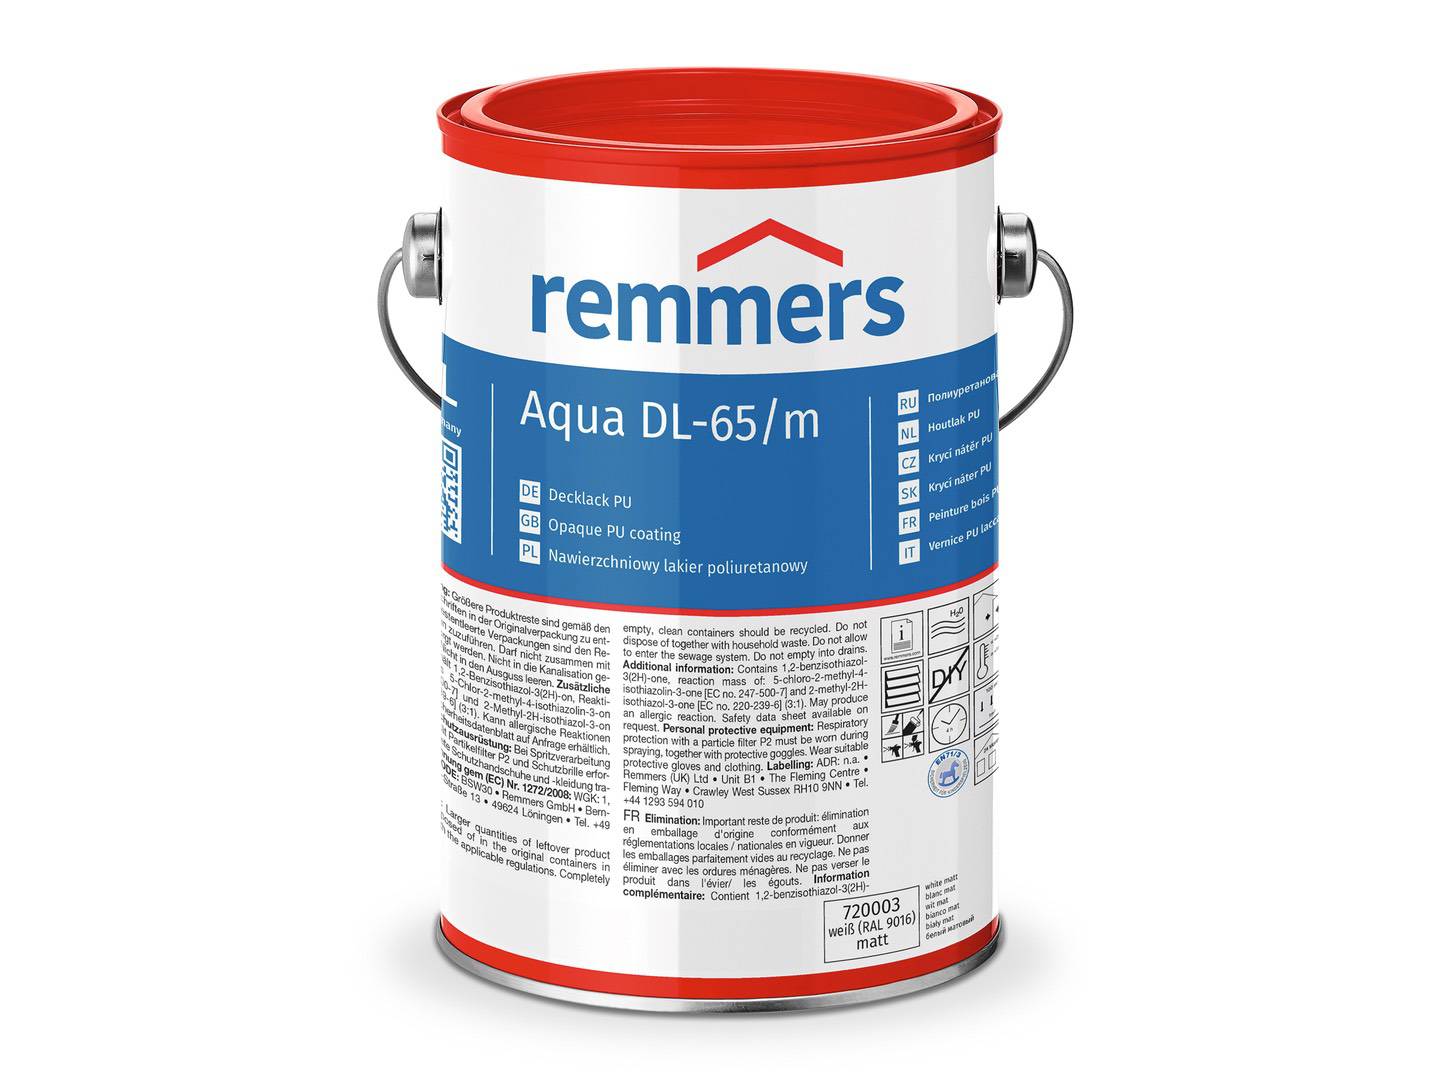 REMMERS Aqua DL-65-Decklack PU weiß (RAL 9016) seidenmatt 2,50 l
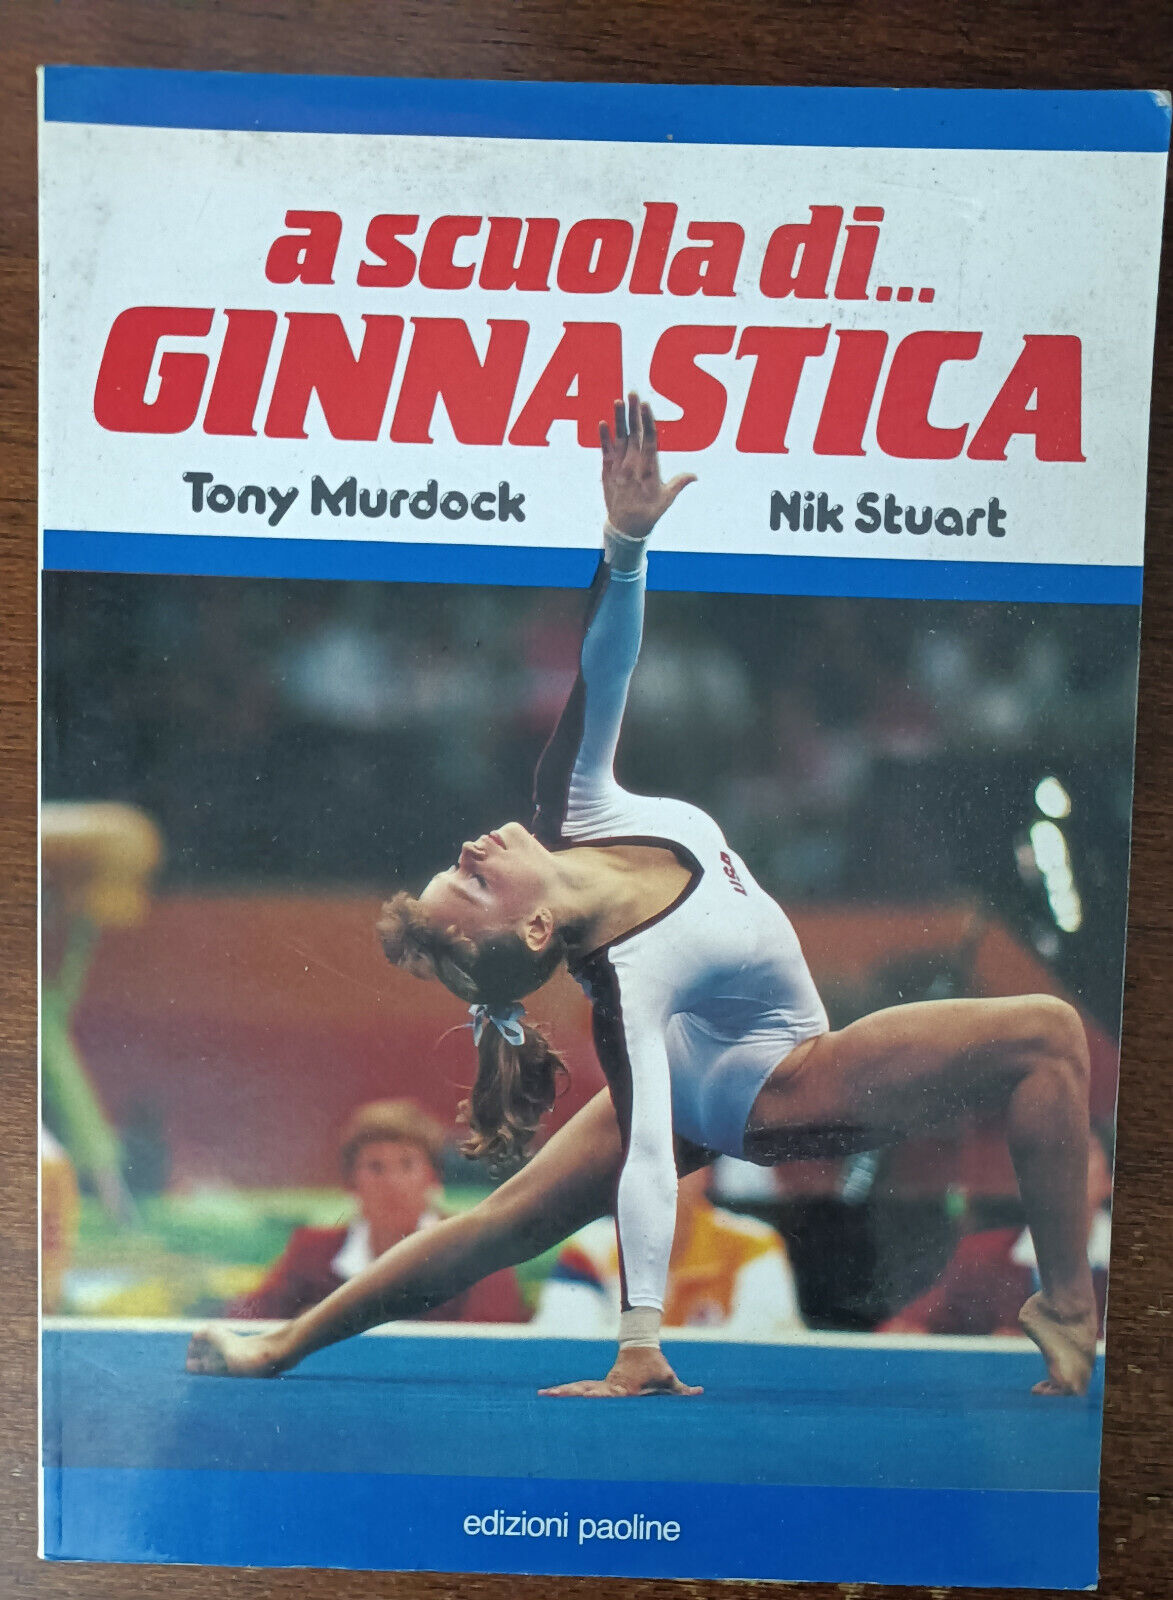 A scuola di ginnastica - Tony Murdock, Nick Stuart - Edizioni paoline, 1993 - A libro usato
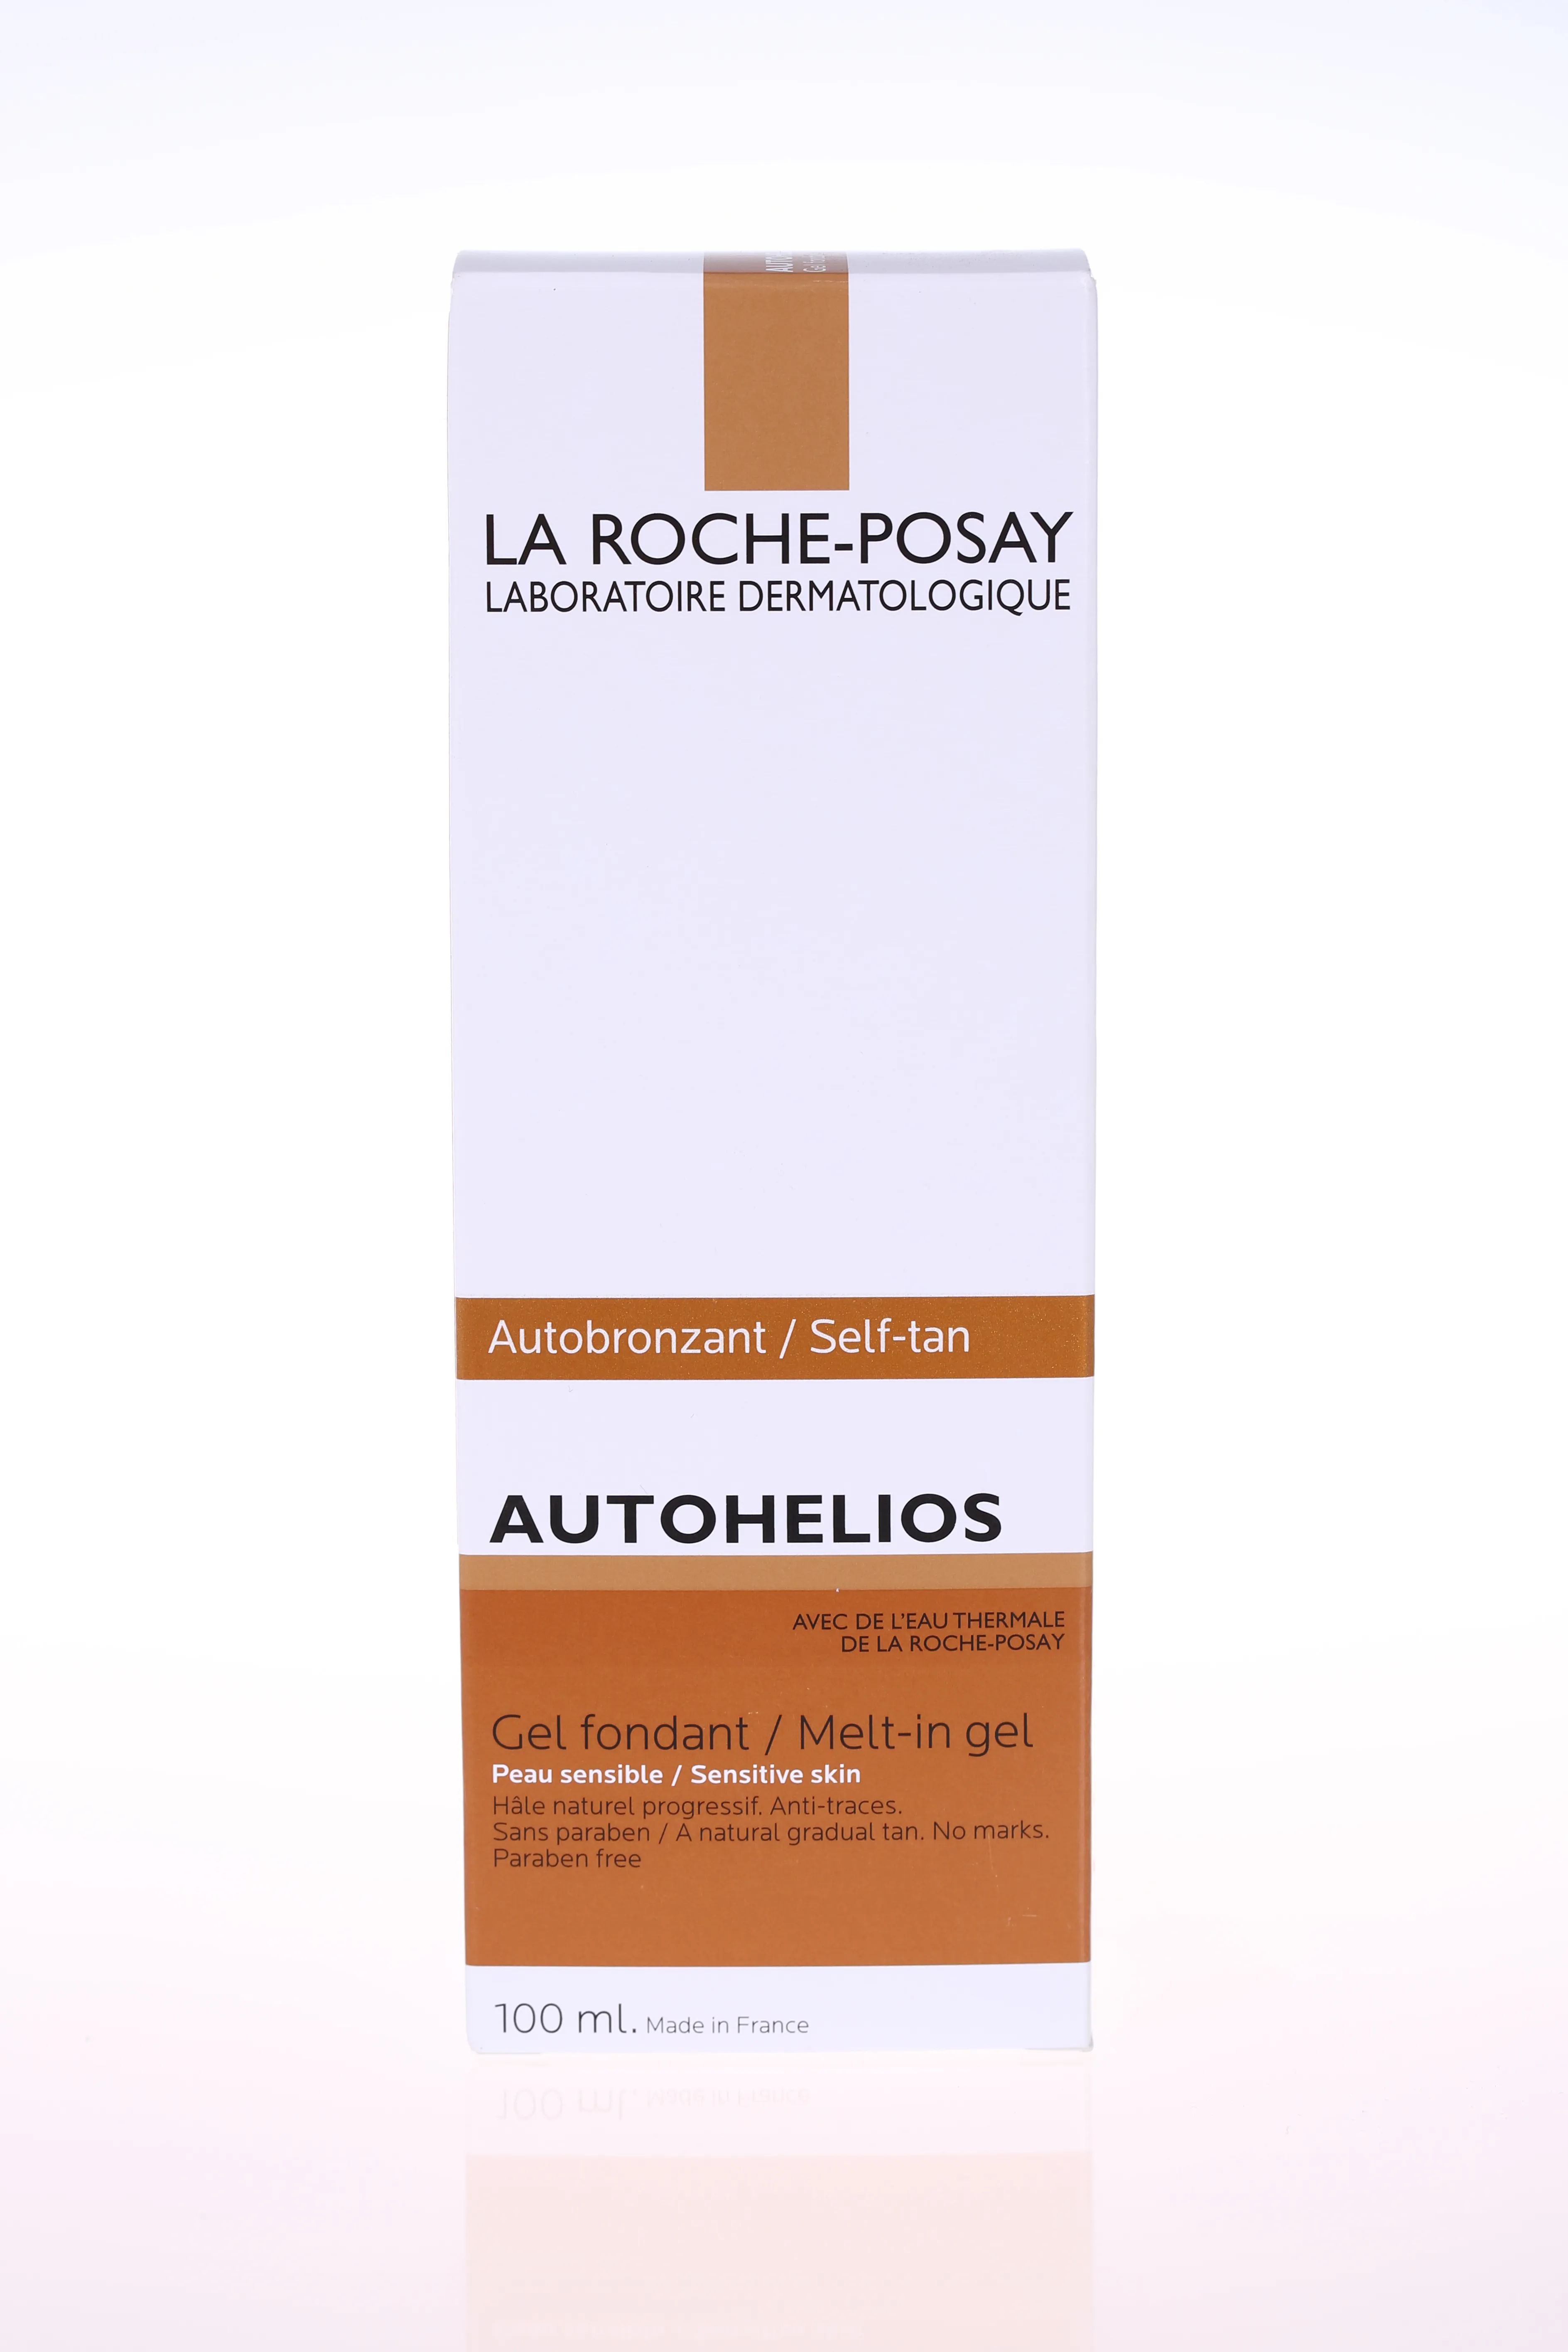 La Roche-Posay Autohelios, nawilżający żel samoopalający, 100 ml
____________________
Print each line above exactly as it appears, excluding all images.

WRITTEN ANSWER
 REMMERS Aqua DL-65-Decklack PU weiß (RAL 9016) seidenmatt 2,50 l
 A scuola di ginnastica - Tony Murdock, Nick Stuart - Edizioni paoline, 1993 - A libro usato
 La Roche-Posay Autohelios, nawilżający żel samoopalający, 100 ml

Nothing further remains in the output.